**Work order:**
Exact copies of all the lines below are required, with the pictures omitted.

**Data excerpt:**

■ ■ ■ ■ ■

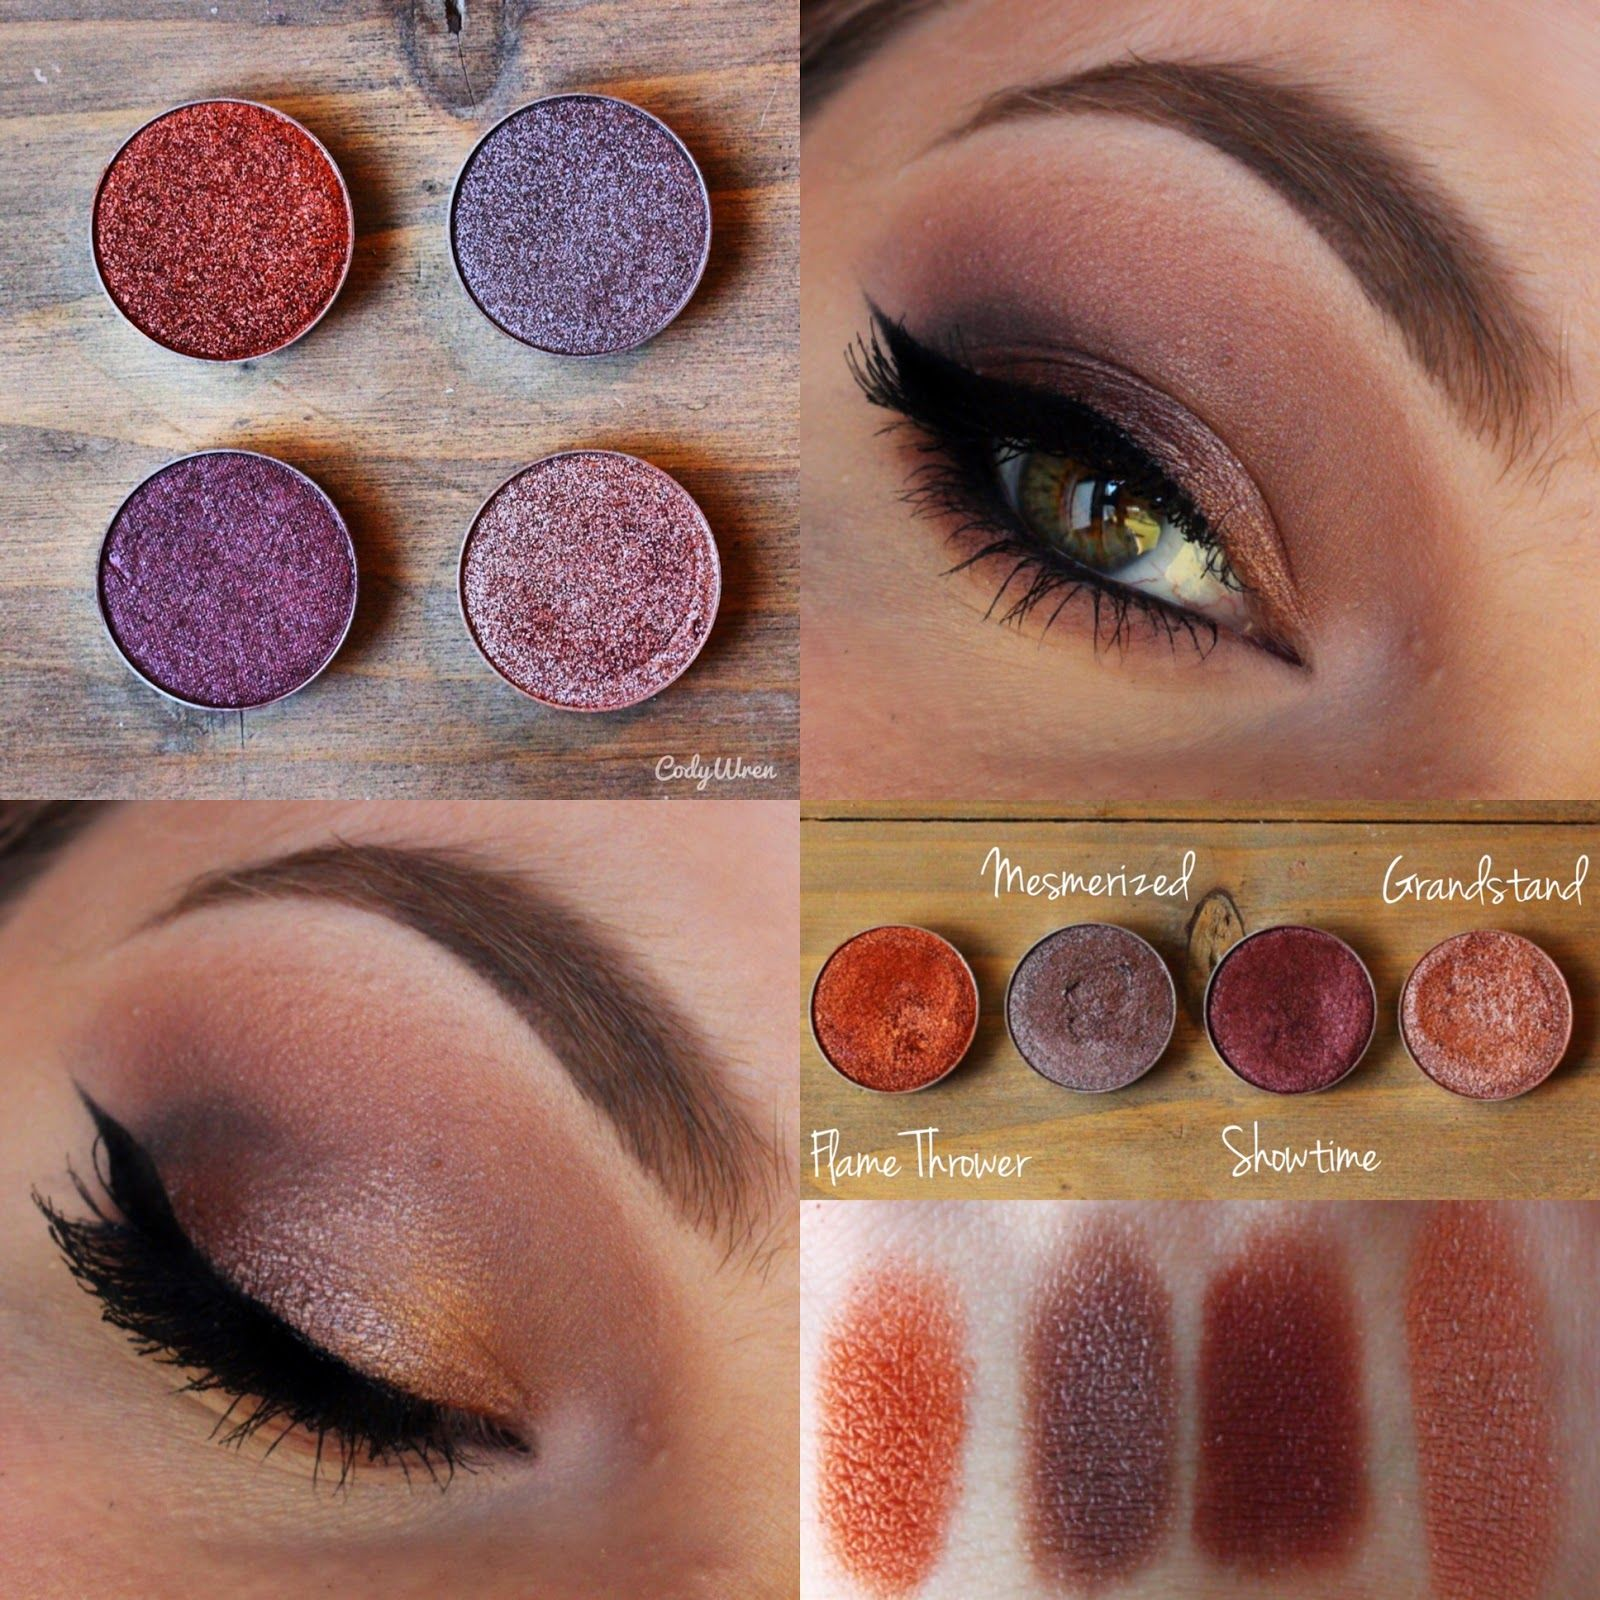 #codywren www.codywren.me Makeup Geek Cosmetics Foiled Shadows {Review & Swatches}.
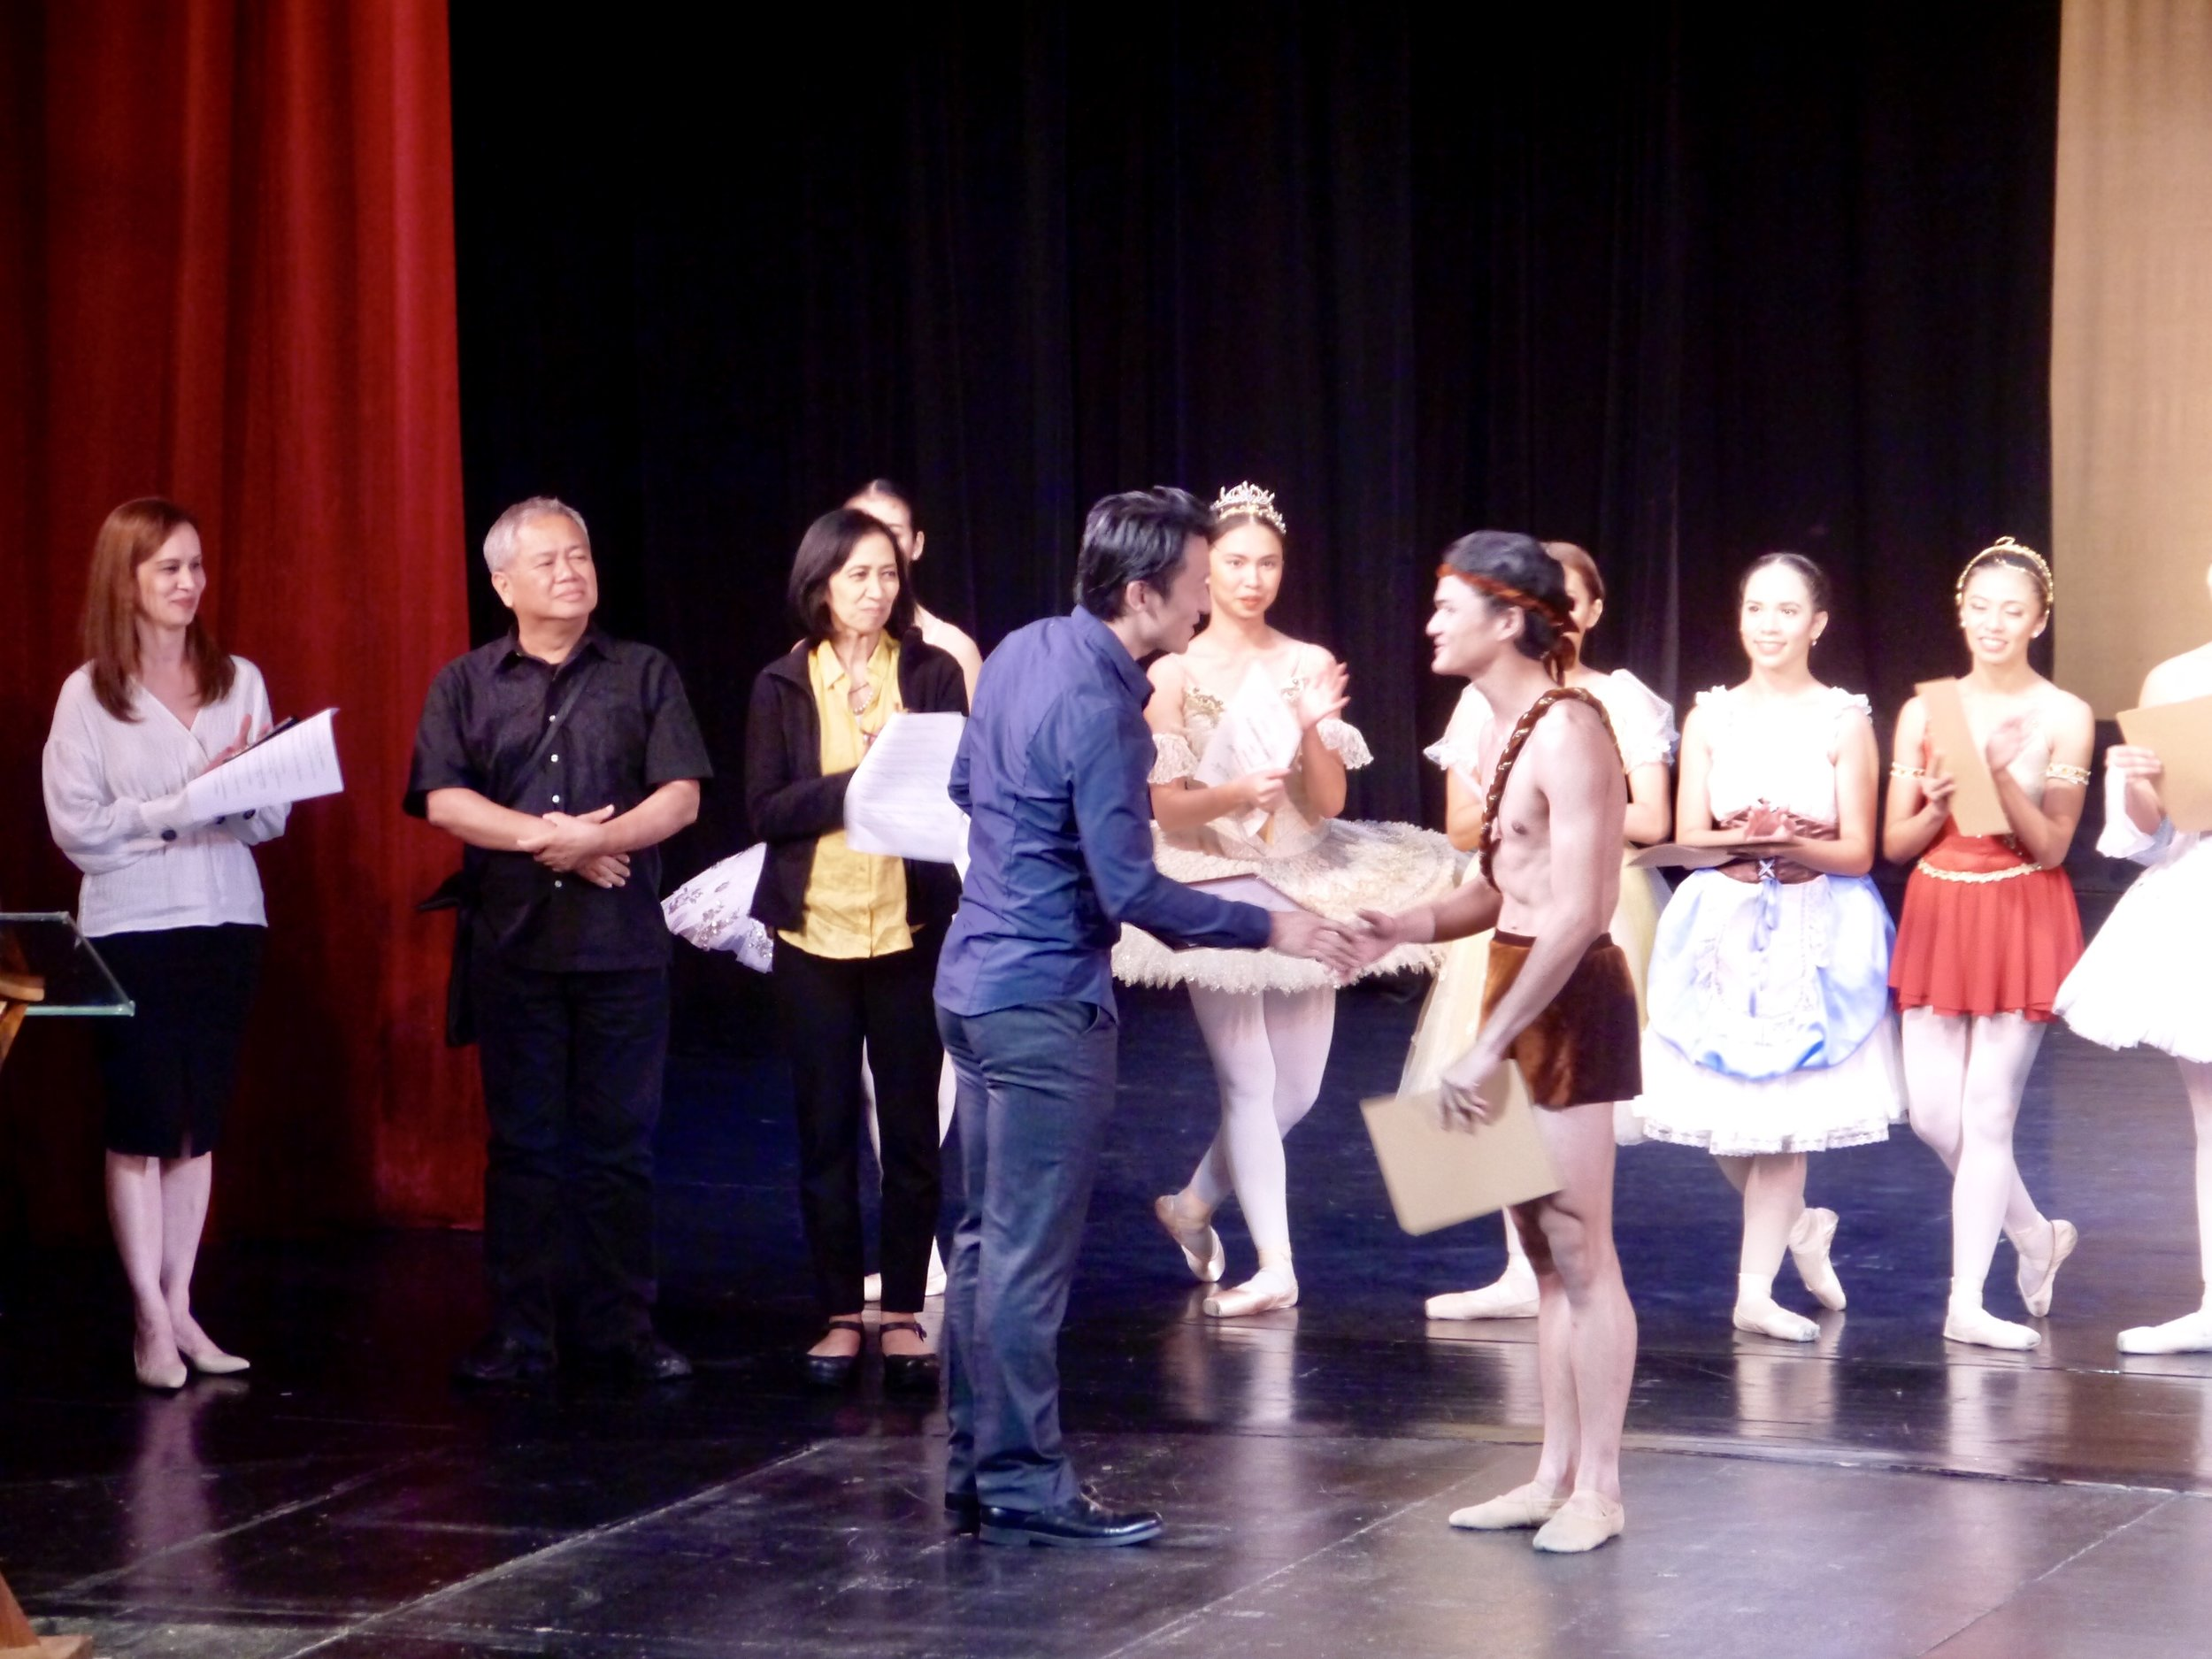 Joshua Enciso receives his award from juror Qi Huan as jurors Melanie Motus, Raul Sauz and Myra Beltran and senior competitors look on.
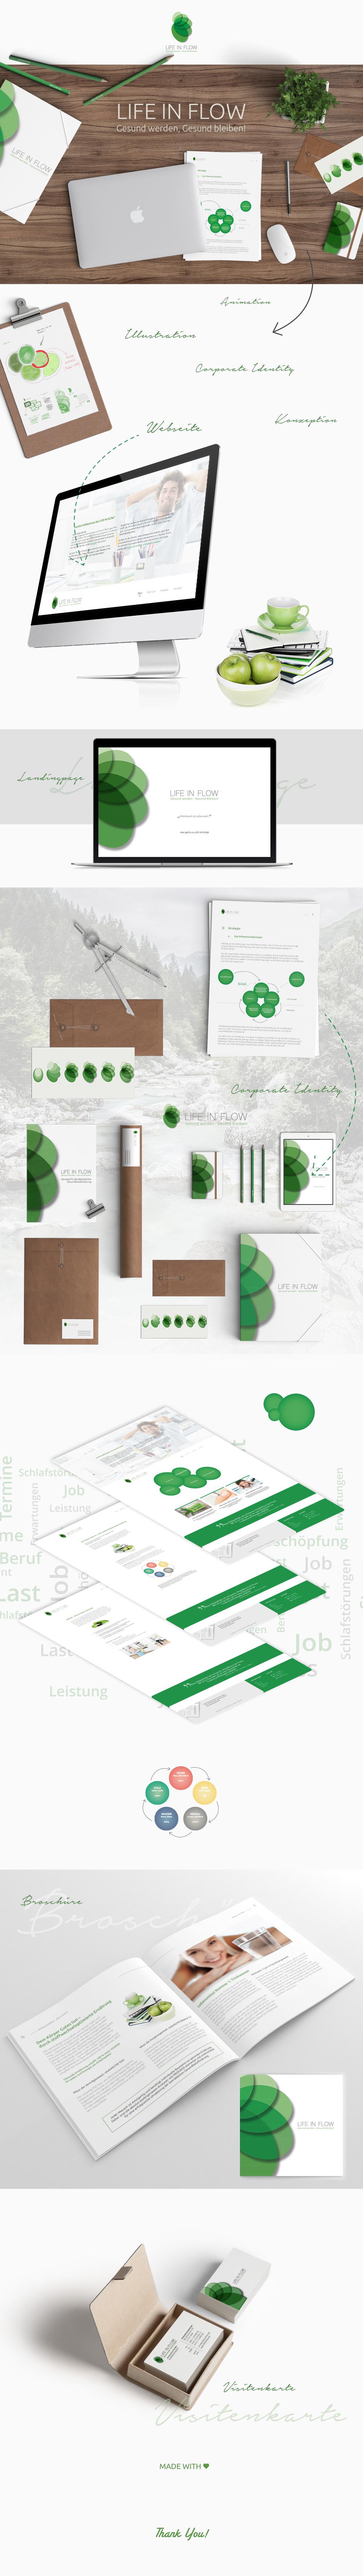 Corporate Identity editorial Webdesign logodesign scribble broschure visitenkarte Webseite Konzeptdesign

■ ■ ■ ■ ■

**Exercise result:**
 #codywren www.codywren.me Makeup Geek Cosmetics Foiled Shadows {Review & Swatches}.
 Joshua Enciso receives his award from juror Qi Huan as jurors Melanie Motus, Raul Sauz and Myra Beltran and senior competitors look on.
 Corporate Identity editorial Webdesign logodesign scribble broschure visitenkarte Webseite Konzeptdesign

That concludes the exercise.